Disrupted Space: Placemaking, Augmented Reality and the re-territorialisation of the physical realm
Aug 2017 30

A rant……

One of the most transformative things about augmented reality and mixed reality are the abilities that it gives to add context and content to the world around us, to add layers of story and personal meaning to the hard architectures that often shapes our everyday experience of place. The promise of a technology that brings us back, rather than taking us away, to place and each other.

For as long as we’ve known it, place (the city, the built environment, public infrastructure) is something that has been done to us, not with us. Mediated through semi-permanent hard architectures and public artforms that are chosen by knowledge institutions as ways to often preserve stories of power and ownership over historical narratives. The grafitti makers and flyposterers challenged this notion with non-permanent (and kind of non-linear) artforms, but the democratic potential of space and the built environment has largely been an un-disruptible thing. But, despite its potential flaws, this kind of place had a sharedness, a unified conversation, a collective.

This is what makes the augmentation of space so intriguing. In that it offers a kind of potential for a counter-architecture, one where we are active in the construction and co-creation of space as lived experience. Whilst locative and situated media artists have long been experimenting with these notions, the technologies have remained largely in the hands of specialists and therefore power regimes that want to use screen technologies to alienate us, to atomise us and increasingly see us as a particular kind of individual.

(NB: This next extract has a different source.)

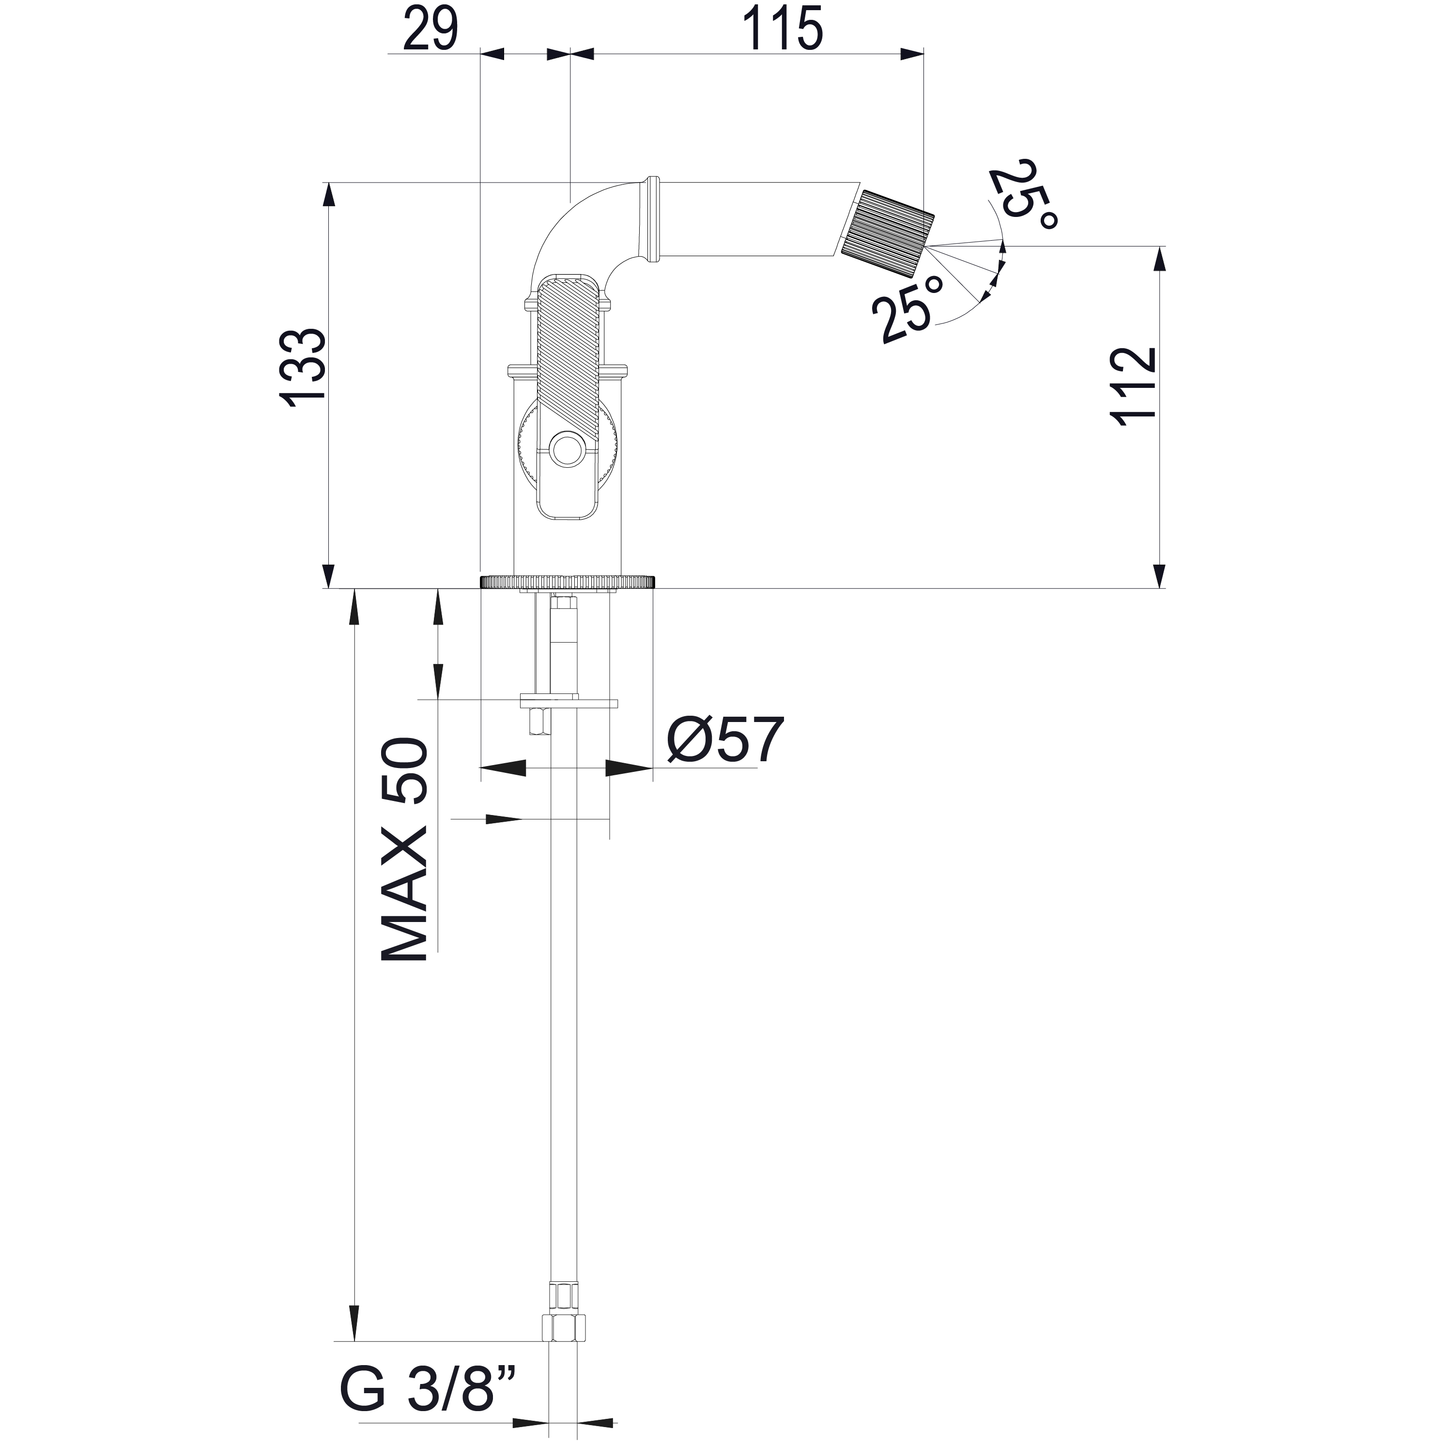 Bidet faucet single hole  Industrial Gas 794011

Just like the early internet (the one we currently inhabit btw) democratised information and connection, I believe that the notion of augmented reality offers a similar democratising potential for our notions of place. Imagine a city that you can experience through the eyes of someone else, or through a contextual layer that you choose, or a ‘non-place’ that suddenly is rich in story because of the democratising abilities of digital technologies over physical material ones such as buildings. Imagine being in another place within place. All rather exciting.

But imagine if technology, rather than isolating us and individualising us, could actually bring us back together in the physical world. Sharing a mediation with others perhaps offers a kind of alternative to the notion of individual devices and screens.

But this comes with many caveats. Just like disruptive (virtualised) information and screen technologies impacted on the very essence of how we understand what information and communications is, and brought with it many consequences in digital and real culture (psycho-surveillance, behavioural manipulation, fake news, trolling, trump, brexit, spam, social anxiety) etc. So too will this disruption of hybrid physical space have a massive impact on our spatial culture. What that is precisely remains to be seen, but I sense and feel that it might be quite profound, scary and exciting.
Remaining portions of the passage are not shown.